In the entries below, find the line with "Nickel Table Lamp" and the line with "waterfall wallpaper hd"; copy them and every line between them exactly, but not the pictures.

SOURCE RECORDS START

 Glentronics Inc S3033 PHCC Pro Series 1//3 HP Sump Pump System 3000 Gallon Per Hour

SOURCE RECORDS END
SOURCE RECORDS START

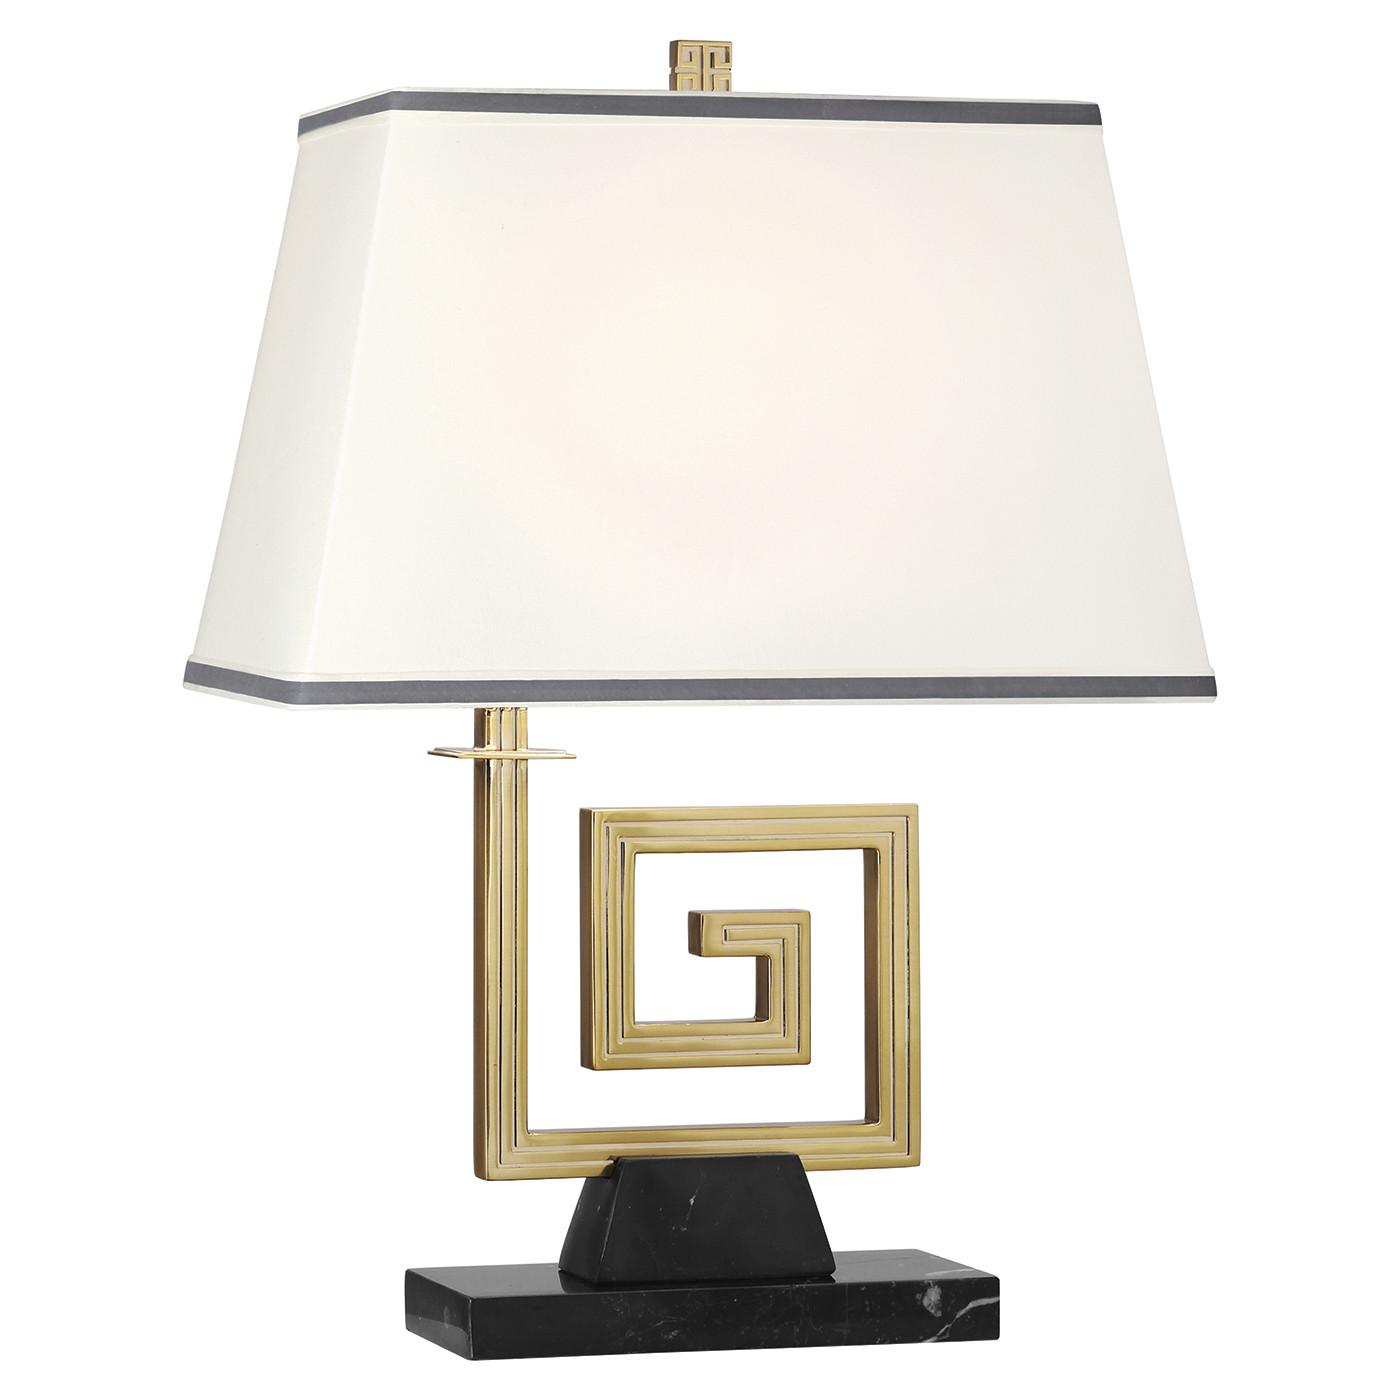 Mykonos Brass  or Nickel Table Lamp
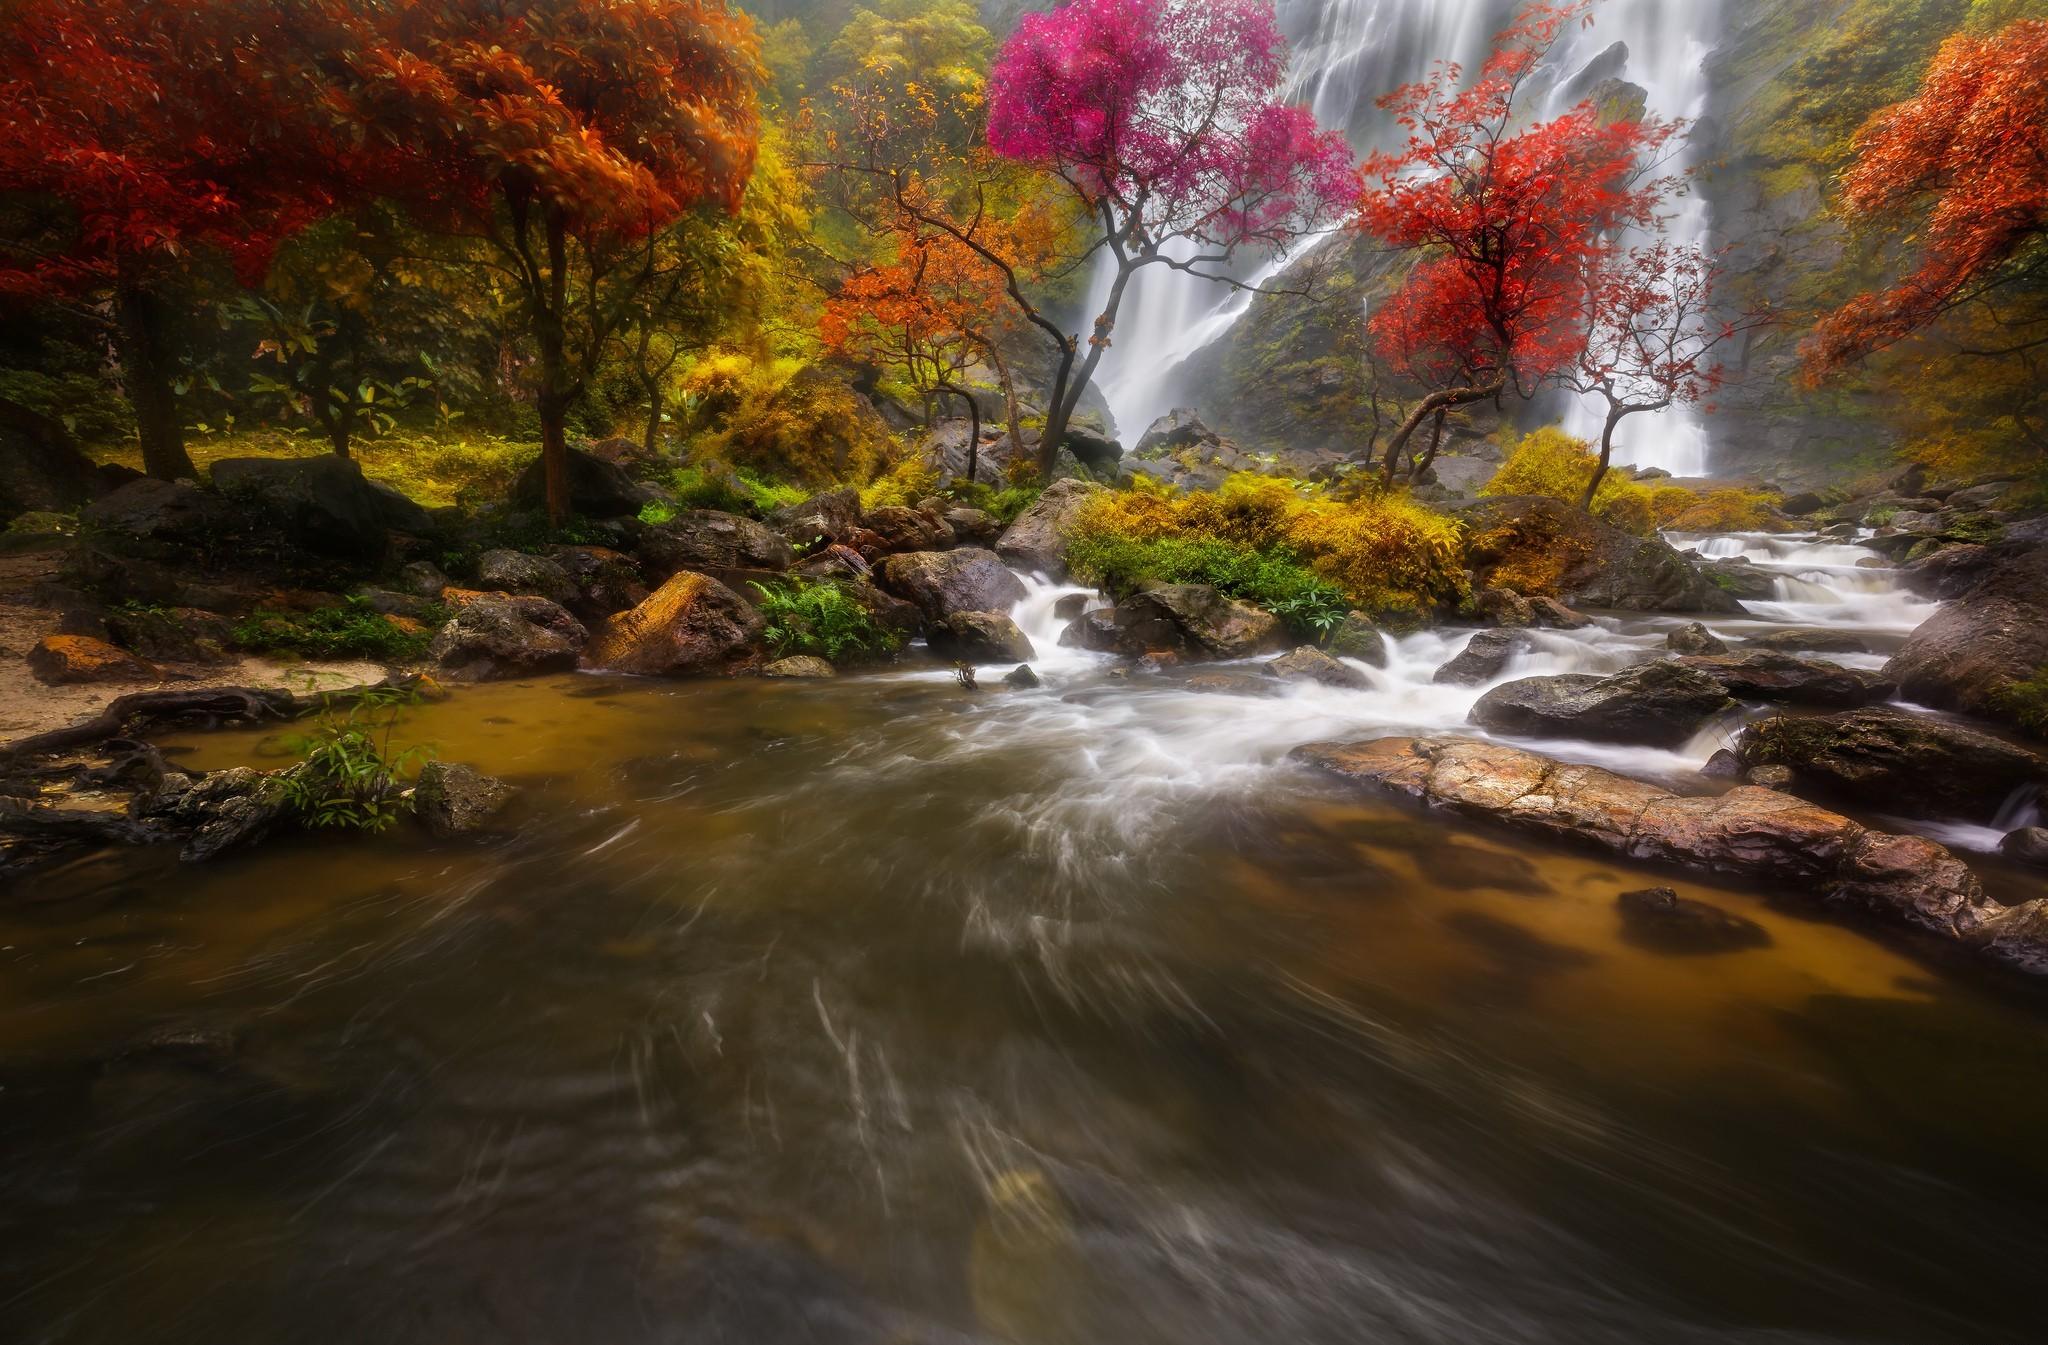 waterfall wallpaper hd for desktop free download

SOURCE RECORDS END
SOURCE RECORDS START

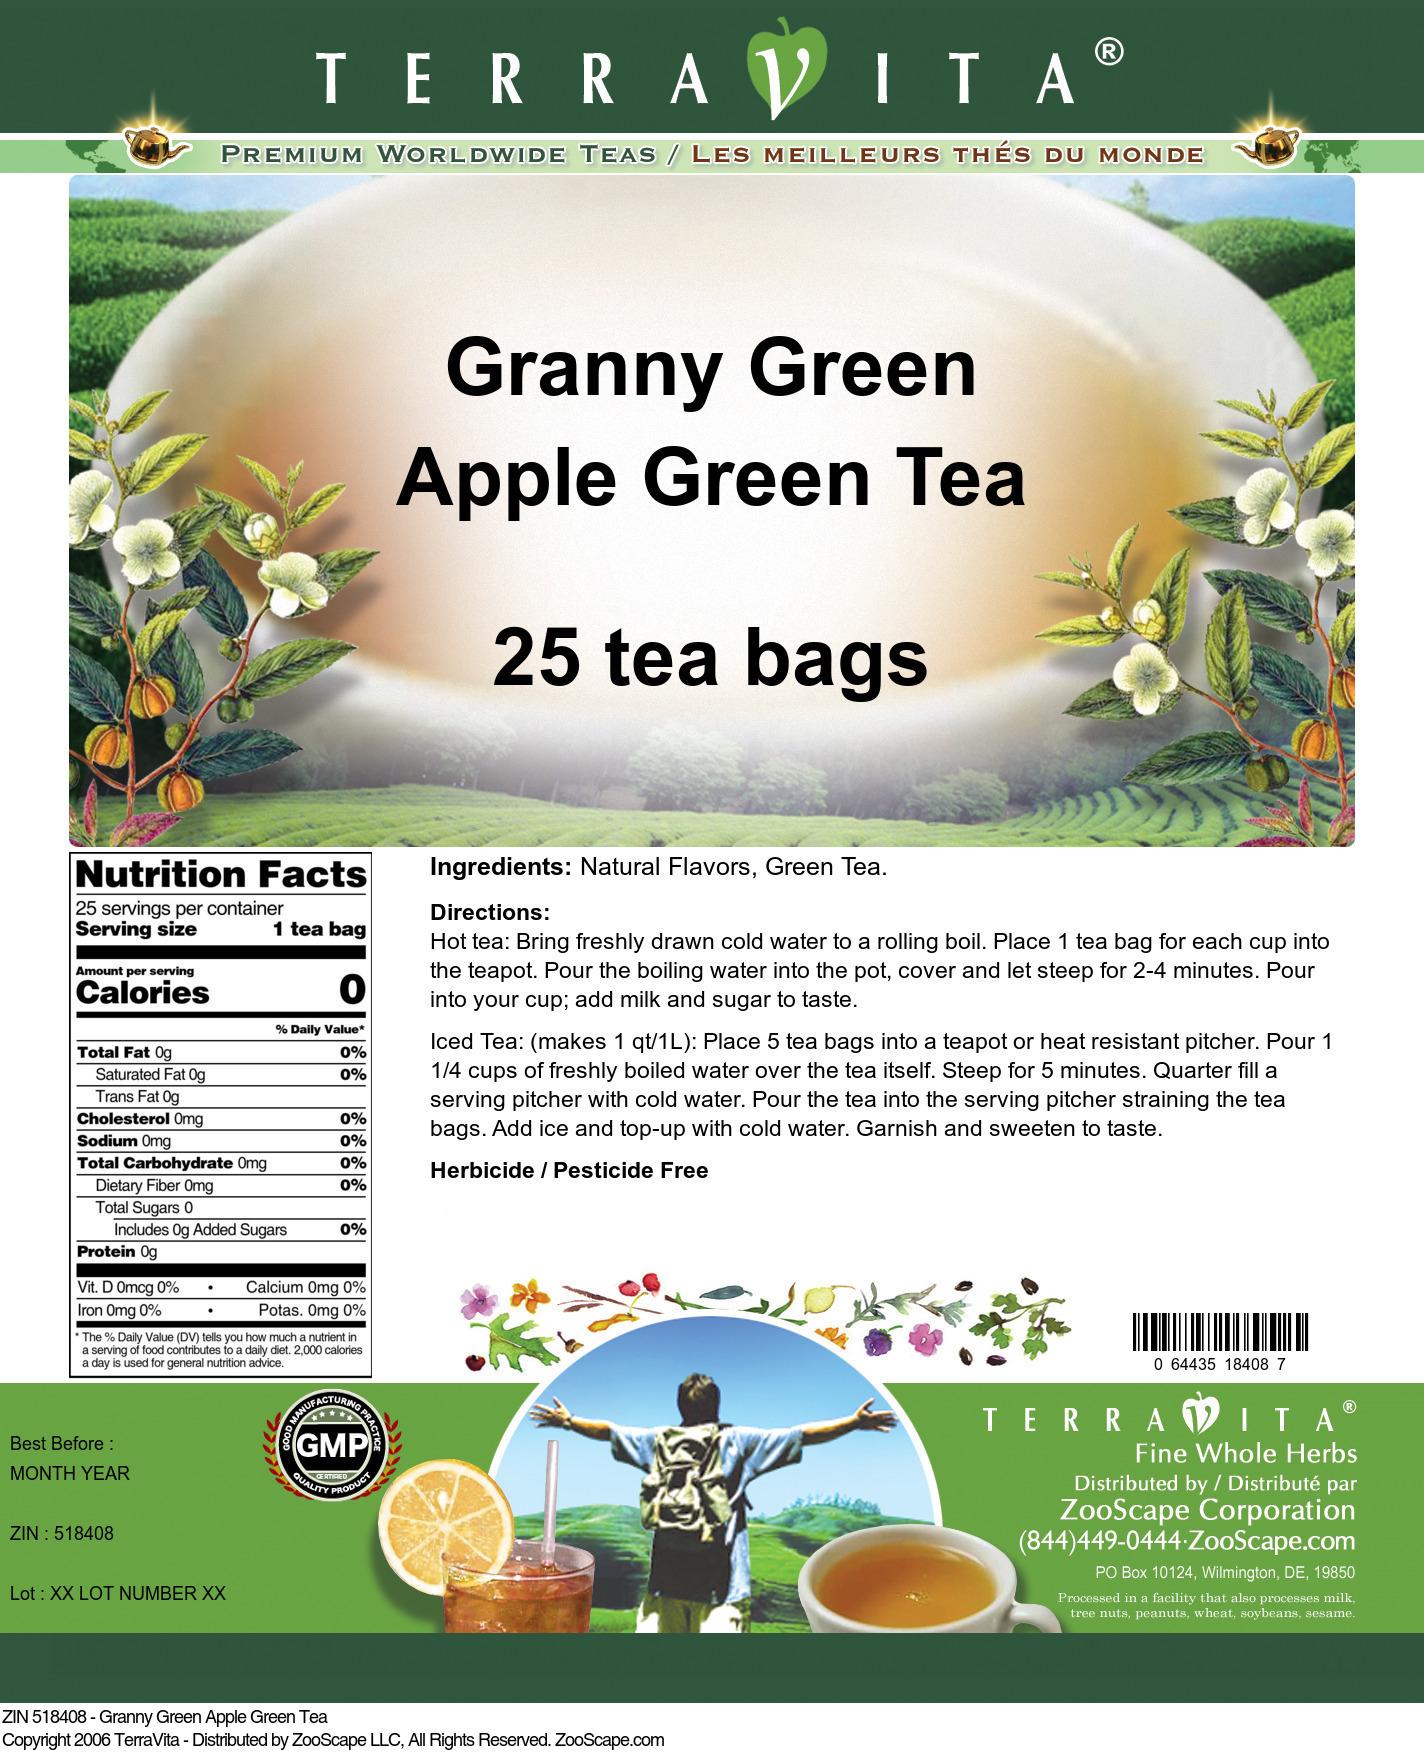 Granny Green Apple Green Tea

SOURCE RECORDS END

■ **EXERCISE RESULT**
 Mykonos Brass  or Nickel Table Lamp
 waterfall wallpaper hd for desktop free download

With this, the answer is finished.